When you insert the pair (10, 17)and then (10, 20), there is technically no collision involved. You are just replacing the old value with the new value for a given key 10(since in both cases, 10 is equal to 10 and also the hash code for 10 is always 10).

当您插入一对(10, 17)然后 时(10, 20)，从技术上讲不涉及碰撞。您只是用给定键的新值替换旧值10（因为在这两种情况下，10 都等于 10，而且 10 的哈希码始终为 10）。

Collision happens when multiple keys hash to the same bucket. In that case, you need to make sure that you can distinguish between those keys. Chaining collision resolution is one of those techniques which is used for this.

当多个键散列到同一个存储桶时会发生冲突。在这种情况下，您需要确保可以区分这些键。链接冲突解决是用于此的技术之一。

As an example, let's suppose that two strings "abra ka dabra"and "wave my wand"yield hash codes 100and 200respectively. Assuming the total array size is 10, both of them end up in the same bucket (100 % 10and 200 % 10). Chaining ensures that whenever you do map.get( "abra ka dabra" );, you end up with the correct value associated with the key. In the case of hash map in Java, this is done by using the equalsmethod.

作为一个例子，让我们假设两个字符串"abra ka dabra"和"wave my wand"产量哈希码100和200分别。假设总数组大小为 10，它们最终都在同一个桶中（100 % 10和200 % 10）。链接确保无论何时执行map.get( "abra ka dabra" );，最终都会得到与键关联的正确值。在 Java 中的哈希映射的情况下，这是通过使用equals方法来完成的。

There is no collision in your example. You use the same key, so the old value gets replaced with the new one. Now, if you used two keys that map to the same hash code, then you'd have a collision. But even in that case, HashMap would replace your value! If you want the values to be chained in case of a collision, you have to do it yourself, e.g. by using a list as a value.

您的示例中没有碰撞。您使用相同的键，因此旧值会被新值替换。现在，如果您使用映射到相同哈希码的两个键，则会发生冲突。但即使在这种情况下，HashMap 也会替换您的值！如果您希望在发生碰撞时链接值，您必须自己完成，例如使用列表作为值。

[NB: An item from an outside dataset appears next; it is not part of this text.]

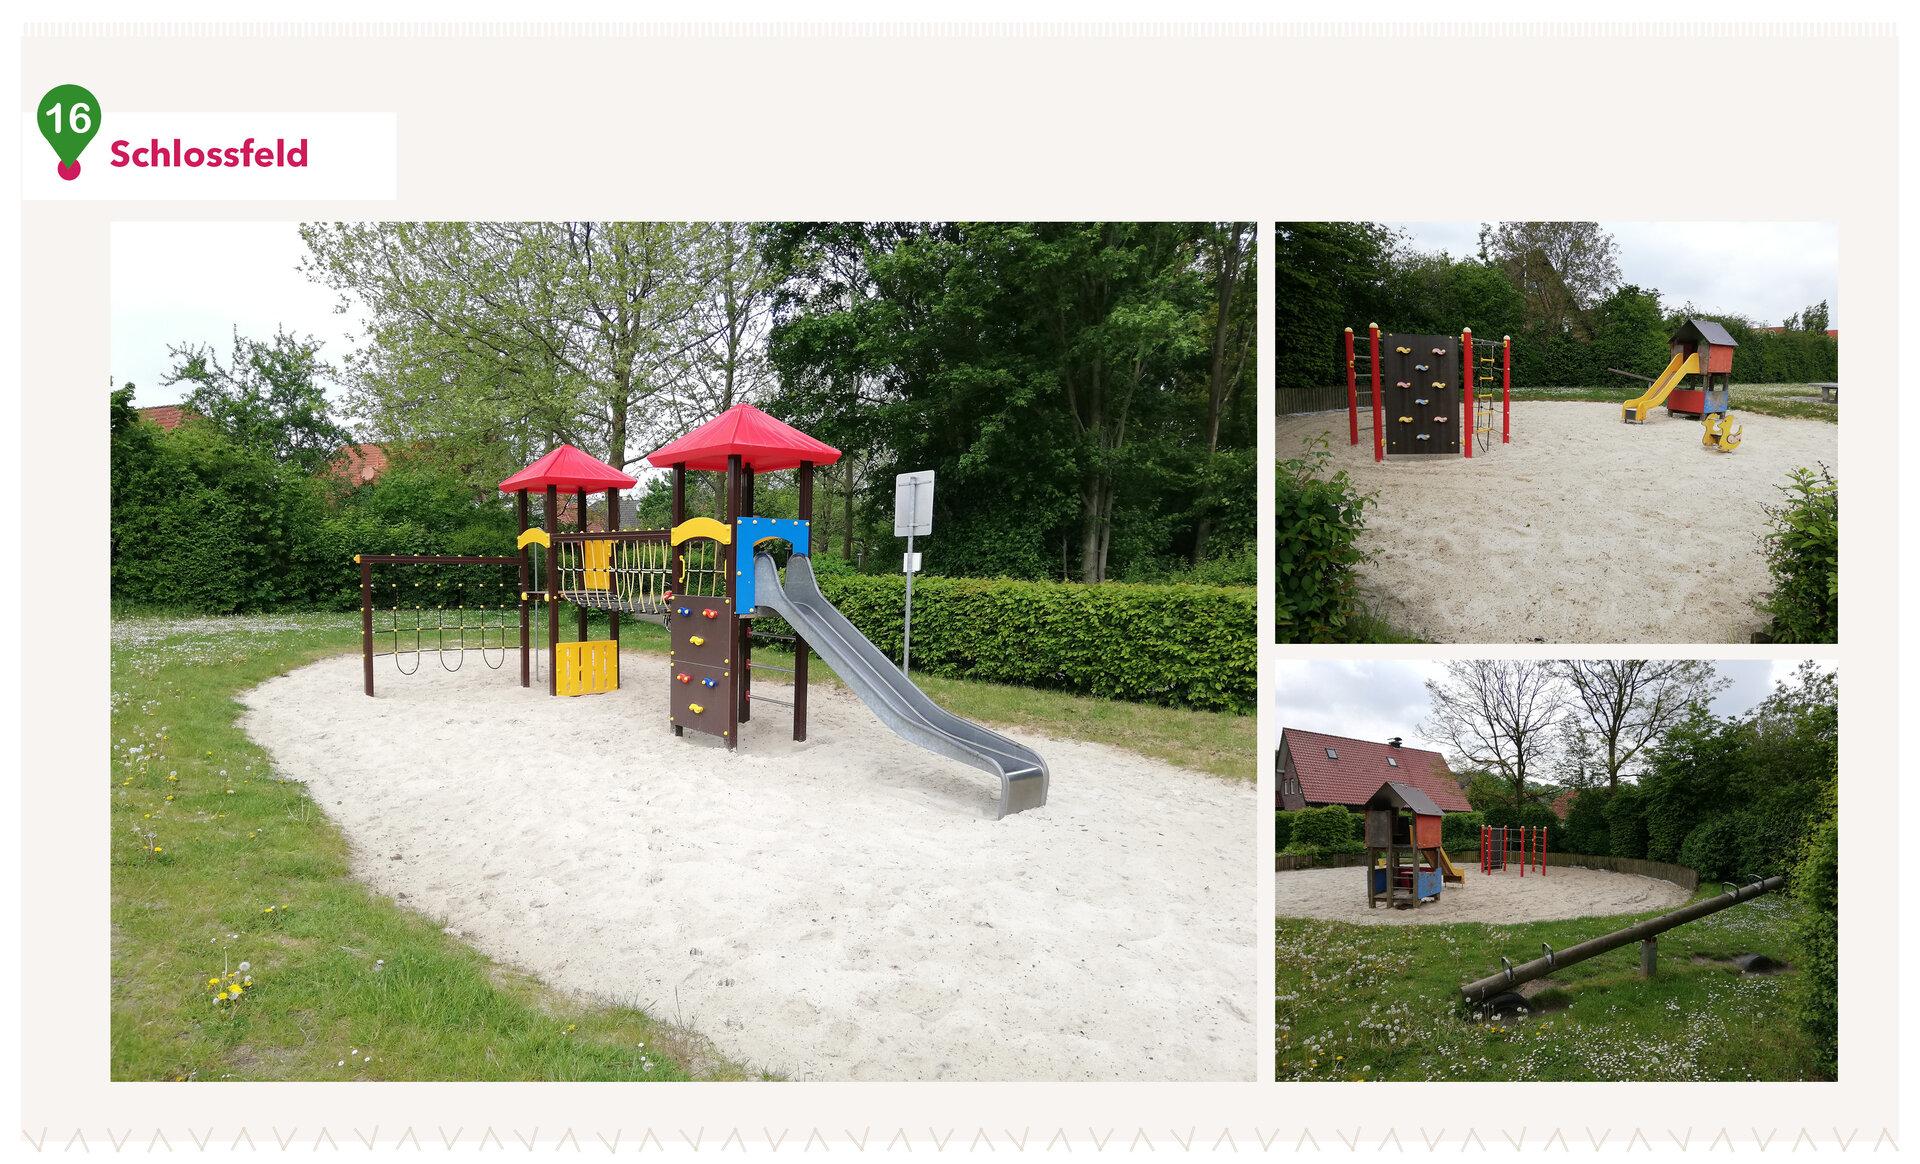 Spielplatz Schlossfeld

It isn't defined to do so. In order to achieve this functionality, you need to create a map that maps keys to lists of values:

它没有被定义为这样做。为了实现此功能，您需要创建一个映射，将键映射到值列表：

Map<Foo, List<Bar>> myMap;

Or, you could use the Multimap from google collections / guava libraries

或者，您可以使用google collections/guava 库中的 Multimap

It could have formed a linked list, indeed. It's just that Mapcontract requires it to replace the entry:

它确实可以形成一个链表。只是Map合同要求它替换条目：

V put(K key, V value)

Associates the specified value with the specified key in this map (optional operation). If the map previously contained a mapping for the key, the old value is replaced by the specified value. (A map m is said to contain a mapping for a key k if and only if m.containsKey(k) would return true.)

V put(K key, V value)

将指定值与此映射中的指定键相关联（可选操作）。如果映射先前包含键的映射，则旧值将替换为指定值。（当且仅当 m.containsKey(k) 返回 true 时，才称映射 m 包含键 k 的映射。）

http://docs.oracle.com/javase/6/docs/api/java/util/Map.html

http://docs.oracle.com/javase/6/docs/api/java/util/Map.html

For a map to store lists of values, it'd need to be a Multimap. Here's Google's: http://google-collections.googlecode.com/svn/trunk/javadoc/com/google/common/collect/Multimap.html

对于存储值列表的映射，它需要是一个Multimap. 这是谷歌的：http: //google-collections.googlecode.com/svn/trunk/javadoc/com/google/common/collect/Multimap.html

A collection similar to a Map, but which may associate multiple values with a single key. If you call put(K, V) twice, with the same key but different values, the multimap contains mappings from the key to both values.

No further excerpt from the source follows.